| DATA EXCERPT |
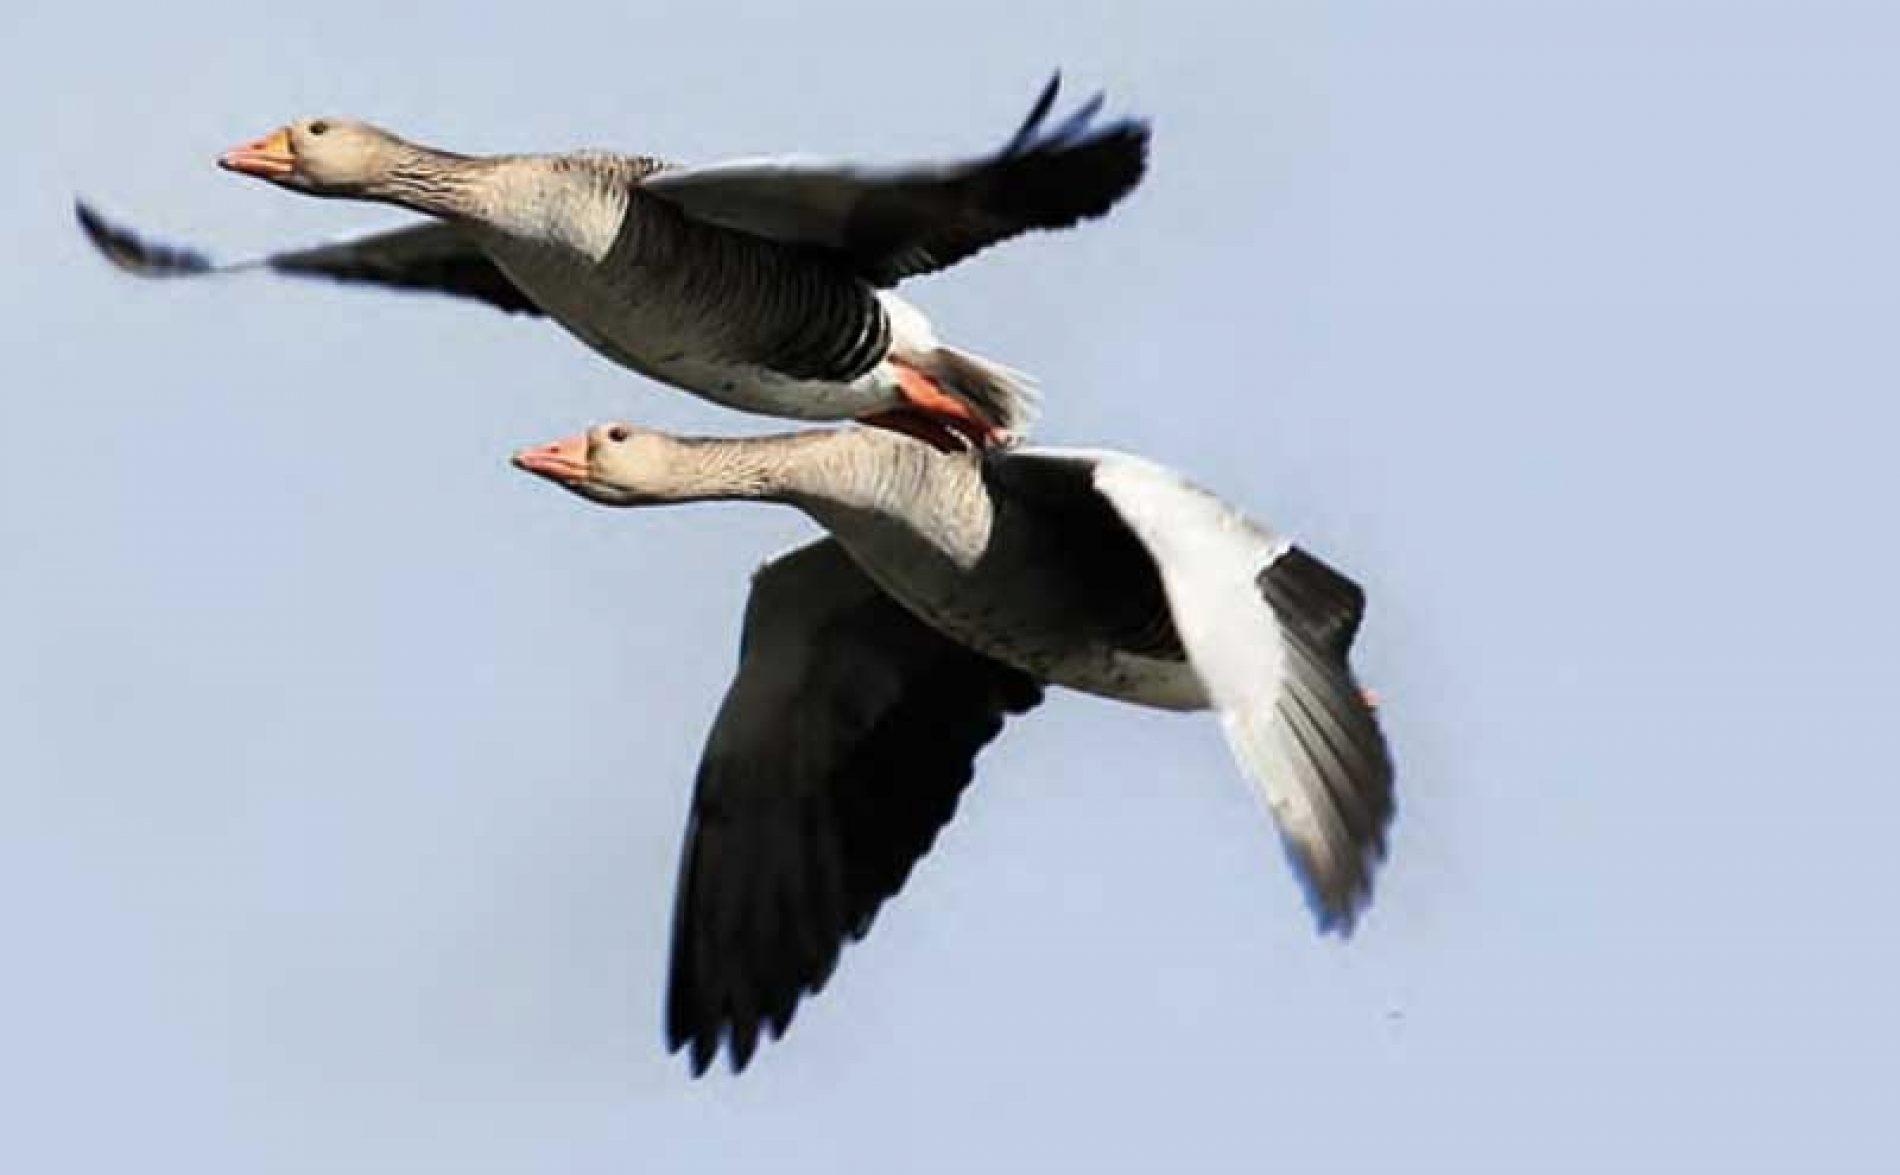 Aspectos legales  de la caza de patos
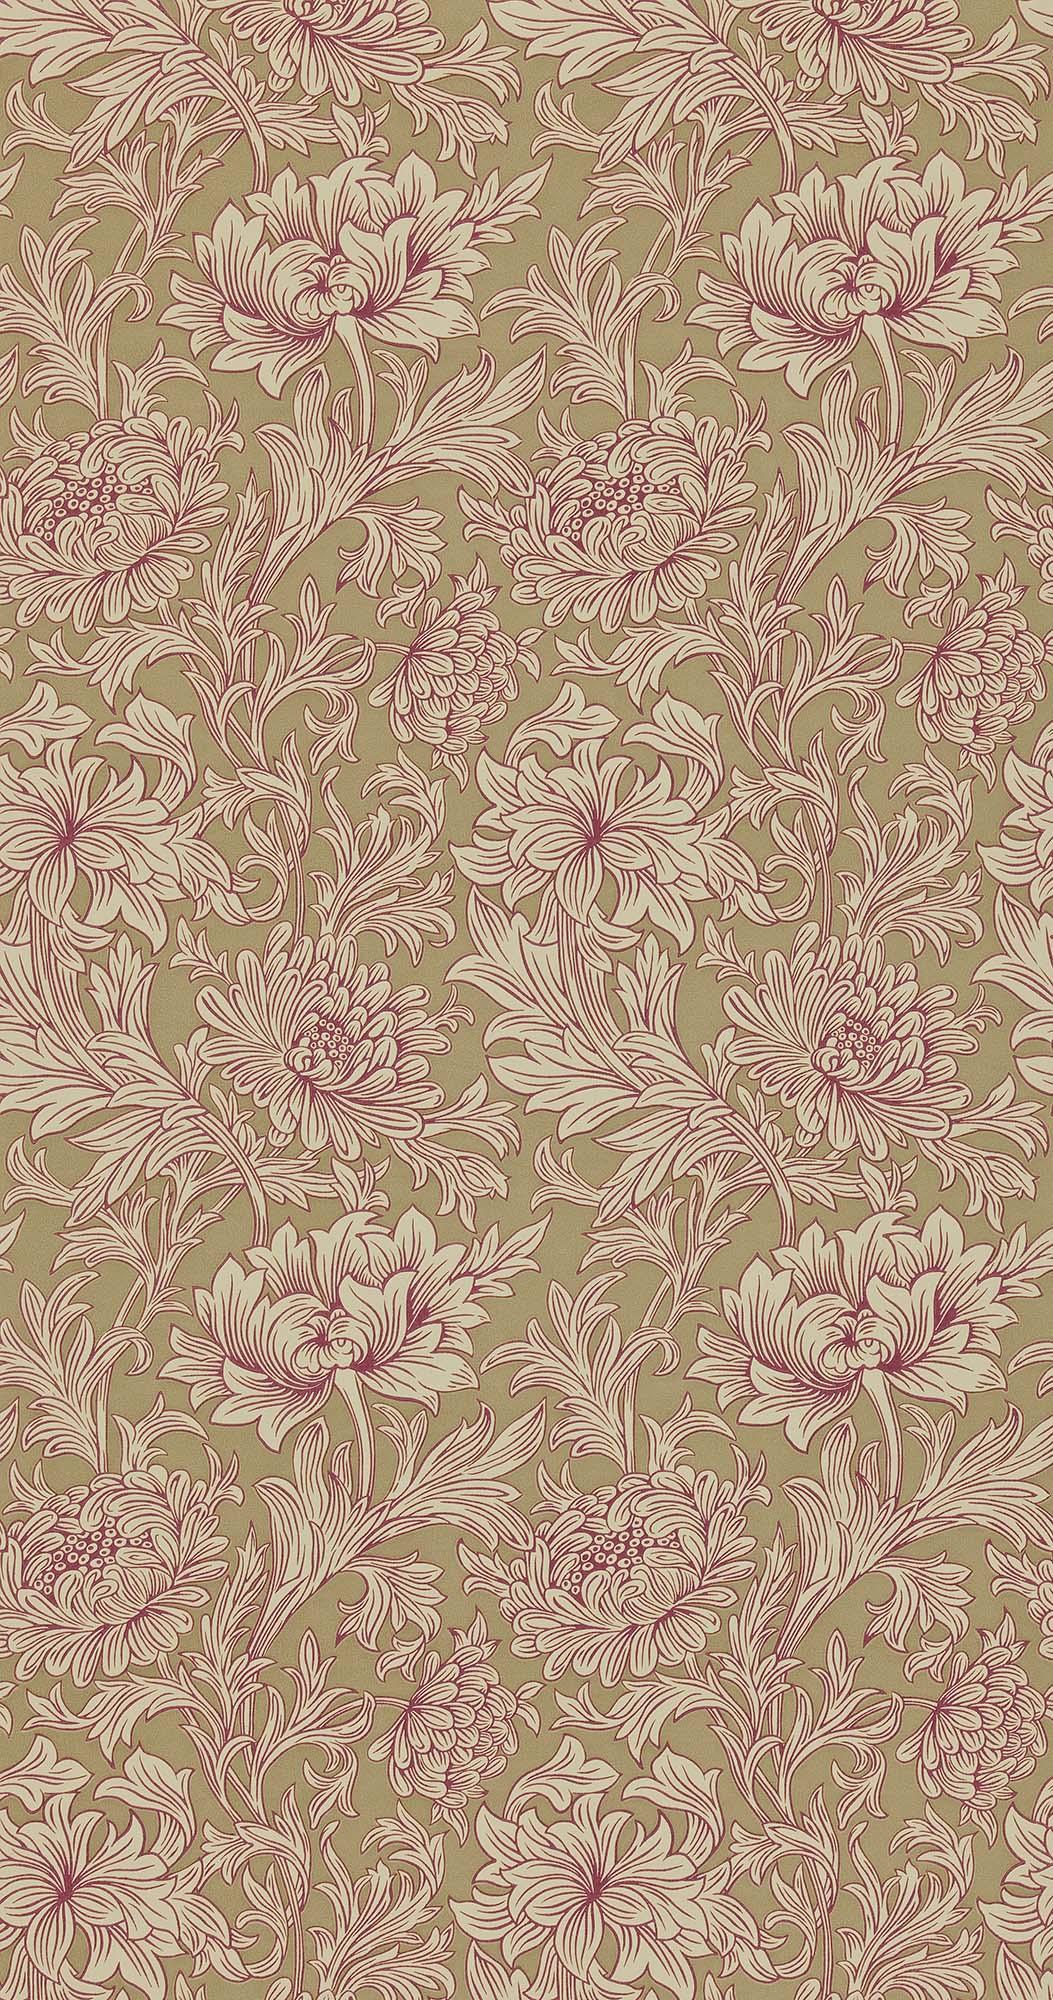 ウィリアムモリス壁紙 Chrysanthemum Toile DMOWCH-102
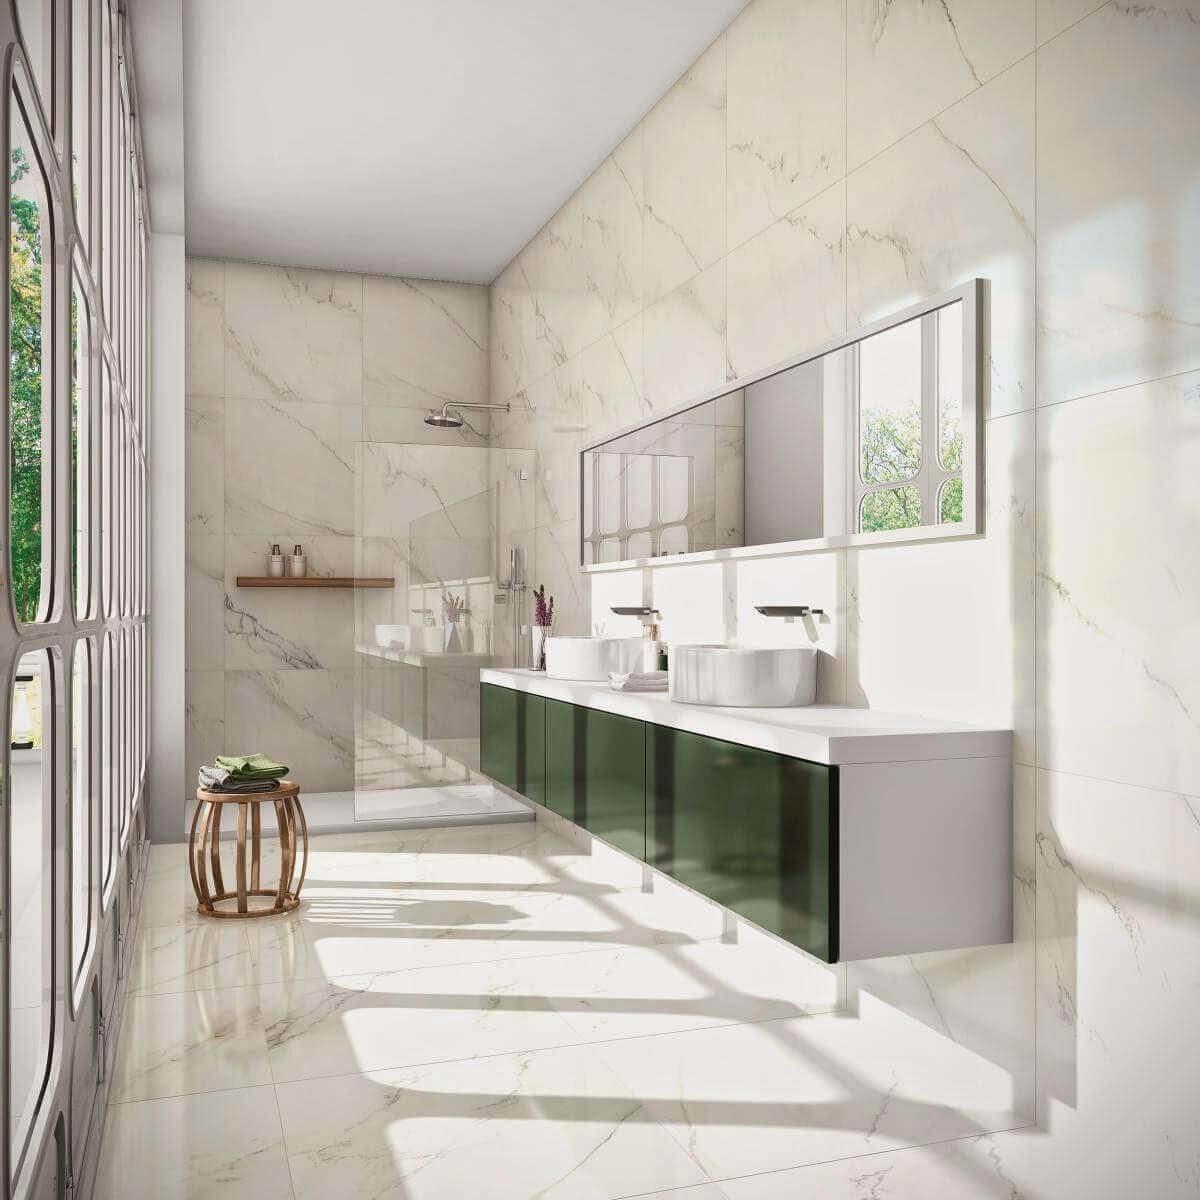 Banheiro com cores de porcelanato marmorizado e armário verde
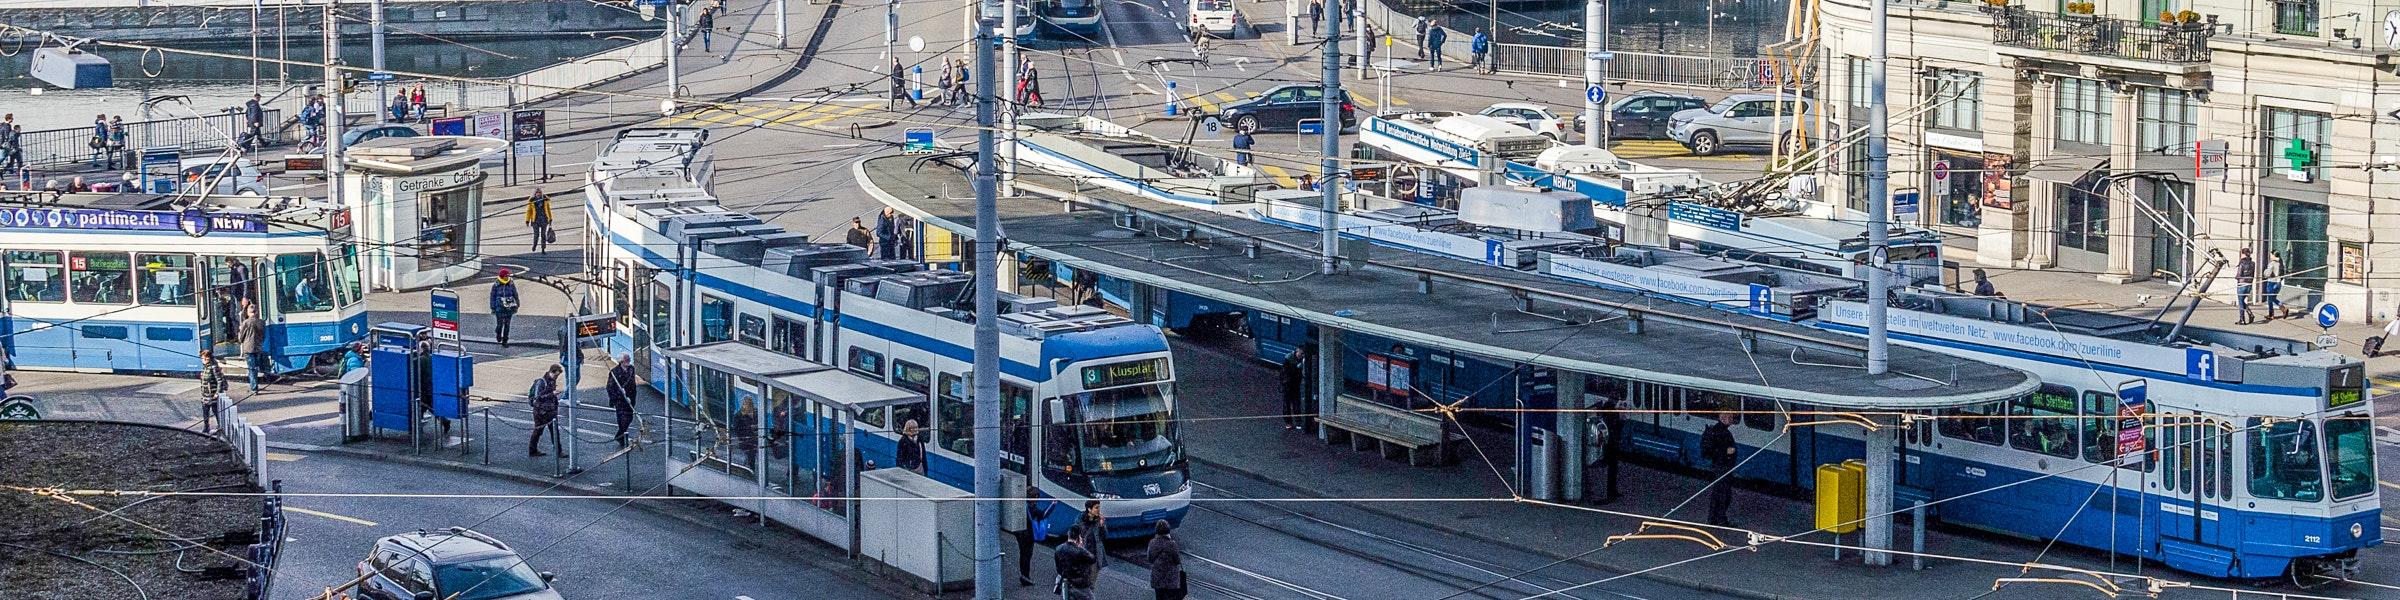 Tramhalte in Zürich

| TASK DIRECTIONS |
The response is the full listing, copied exactly, with the pictures omitted.

| COMPLETED TASK |
 Aspectos legales  de la caza de patos
 ウィリアムモリス壁紙 Chrysanthemum Toile DMOWCH-102
 Banheiro com cores de porcelanato marmorizado e armário verde
 Tramhalte in Zürich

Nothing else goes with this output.